For some excellent pictures of the inauguration, see this link. And here.


Sunday, January 4, 2009

Video at Great Barrier Reef


This video was taken when we were snorkeling at the Great Barrier Reef. The fish were amazingly bright and beautiful. The striped fish you see in the beginning is a clownfish. 

Shark video


I know Blayne promised sharks during our vacation and this video delivers! Sadly a man was killed by a shark (in Perth) while we were in Australia but we were assured that despite many reports, shark deaths are extremely rare in Australia. 

I took this video with our rented underwater camera during our excursion to the Great Barrier Reef off Port Douglas. This is a reef shark: a relatively small shark compared to the great while sharks of the Jaws movies. But sharks nonetheless.  I know that sharks can't back up (thanks to the Discovery Channel) and I was hoping while I was swimming after the shark in this film that it wouldn't suddenly turn and attack me.  I don't think it was even aware of me. 

Spiders


[Hunstman spider photographed in Bob and Jenny's bathroom. This spider is defined as "low-risk, non-aggressive with a painful bite"]

I should state that I'm quite scared of spiders. I don't like the idea of spiders anywhere near me, particularly if they might scuttle over my body or lurk unseen while I'm sleeping. But I was fascinated by the spiders in Australia. It could be that so many of them are so toxic and deadly. It could be the enormous size and hairiness of so many of the spiders. I was a little horrified how large the above Huntsman spider was and how hairy. 

[Golden orb-weaving spider from brave Internet photographer]

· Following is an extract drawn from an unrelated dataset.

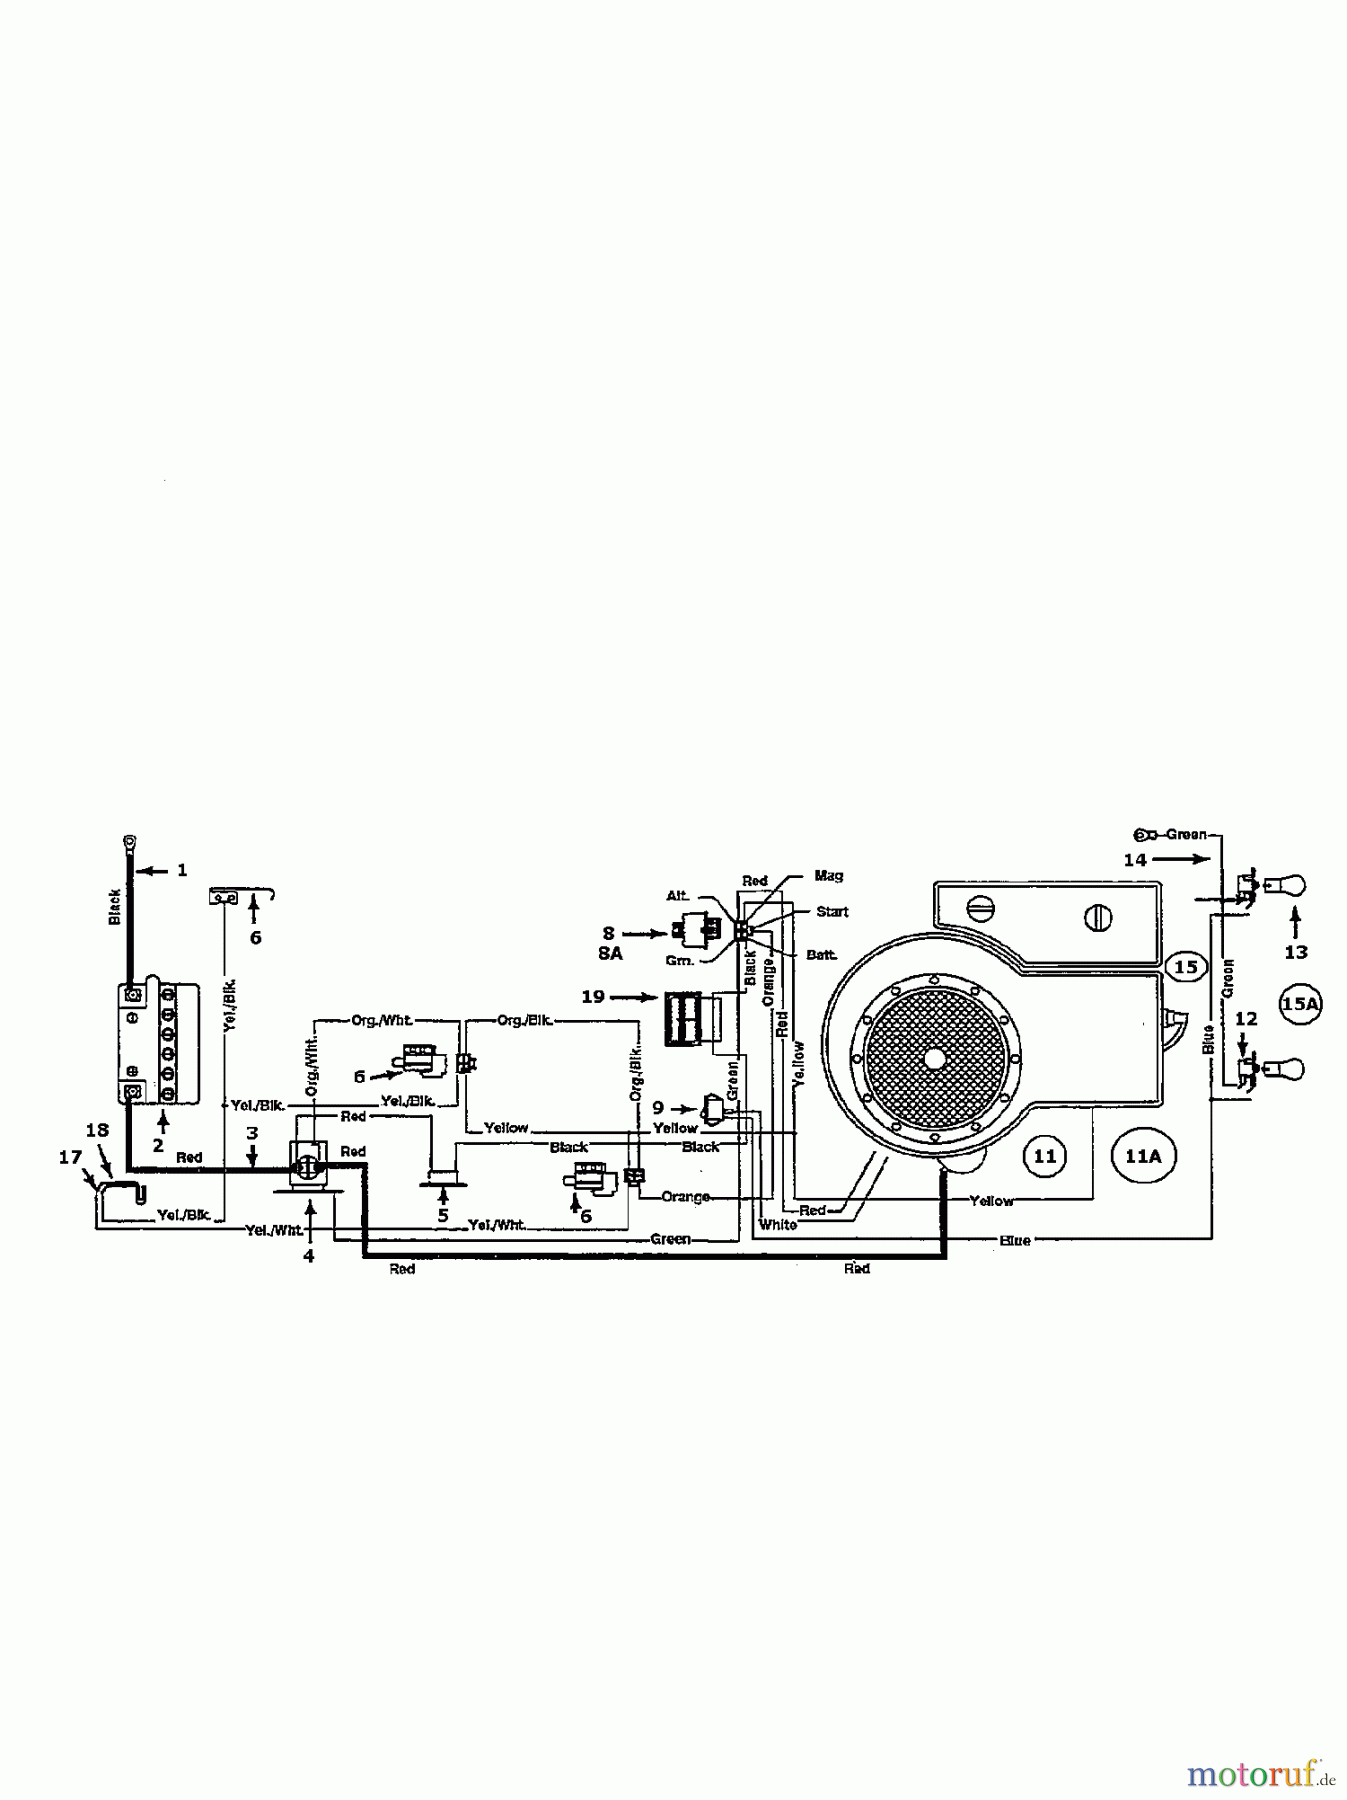  Mastercut Lawn tractors 112/910 134I451E602  (1994) Wiring diagram single cylinder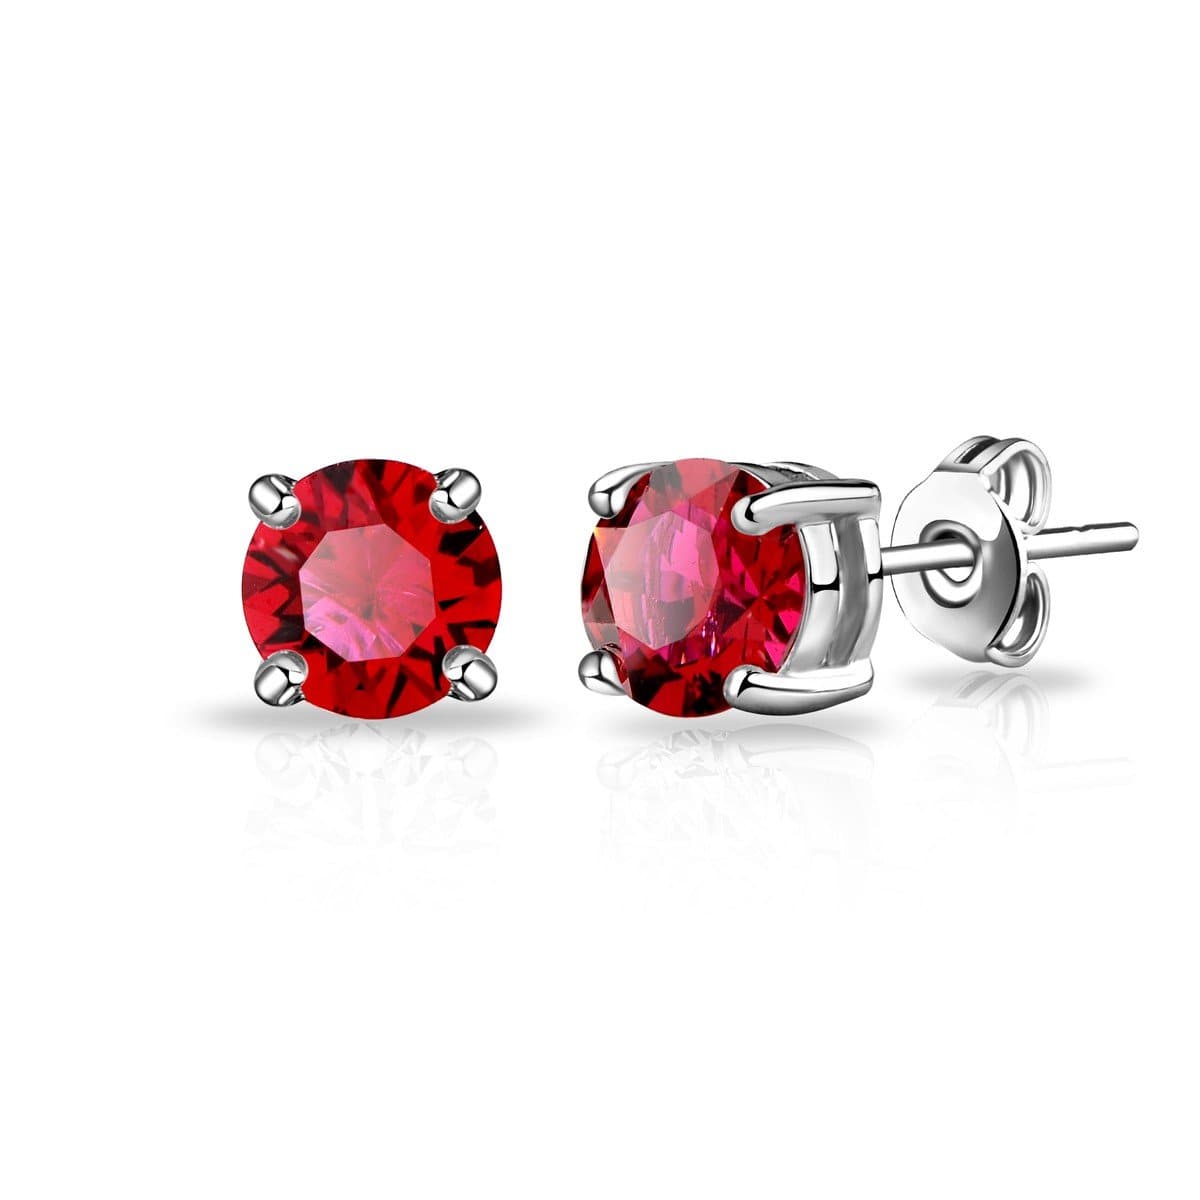 Red Stud Earrings Created with Zircondia® Crystals by Philip Jones Jewellery

In Bob and Jenny's front garden they showed me another enormous spider: the golden orb-weaving spider. True to its name, the silk of the web had a golden sheen in the sunlight. Luckily its bite is also non-toxic to humans though its size would make me avoid going anywhere near it. My pictures of it didn't turn out as a slight breeze made the web sway and I certainly didn't want to get too close or hold it! 

Family pictures in Brisbane

[Jillian and Lesley at Chrissie]

[Lesley, Jenny, Bob and myself in their beautiful yard in Morayfield, Brisbane]

[Blayne holding Spirot who refused to be held by me but whistled to me]

[Bob holding Spirot: the bird prefers men!]

Beaches

[Manly beach, Sydney]

[Manly beach]

We preferred Manly beach to the crowds of Bondi who were mostly sunbathing. Manly was filled with surfers the day we were there including a number of surfing schools.  And there's lots of room to stretch out without laying on someone else's towel!

[Protected ocean pool between Manly and Shelly beaches]

[View of Shelly beach in distance from walkway between beaches]

[Walkway to Shelly beach from Manly beach]

[Shelly Beach]

Dad used to spearfish with his brothers at Shelly beach so we wanted to visit. To our surprise, this area has been transformed into a marine reserve. I'm not sure if it's because Dad and his brothers were such successful fisherman or whether they had wounded so much sea life! It's a pretty little beach that is protected by the surf and filled with snorkelers. 

[Bondi Beach in Sydney]

[Bondi Beach in Sydney]

Darling Harbour








These pictures are of Darling Harbour in Sydney. It's what Toronto's waterfront could be if it wasn't all condo developments. It's a mixture of museums, aquariums, shopping, restaurants, hotels and condos all surrounded by walkways and fountains. I particularly like the circular fountain pictured here: it was very popular with children. Although these pictures don't capture his performance, there was a busker juggling a running chainsaw, knives and a flaming baton while balancing on a bicycle on a pole near the fountain.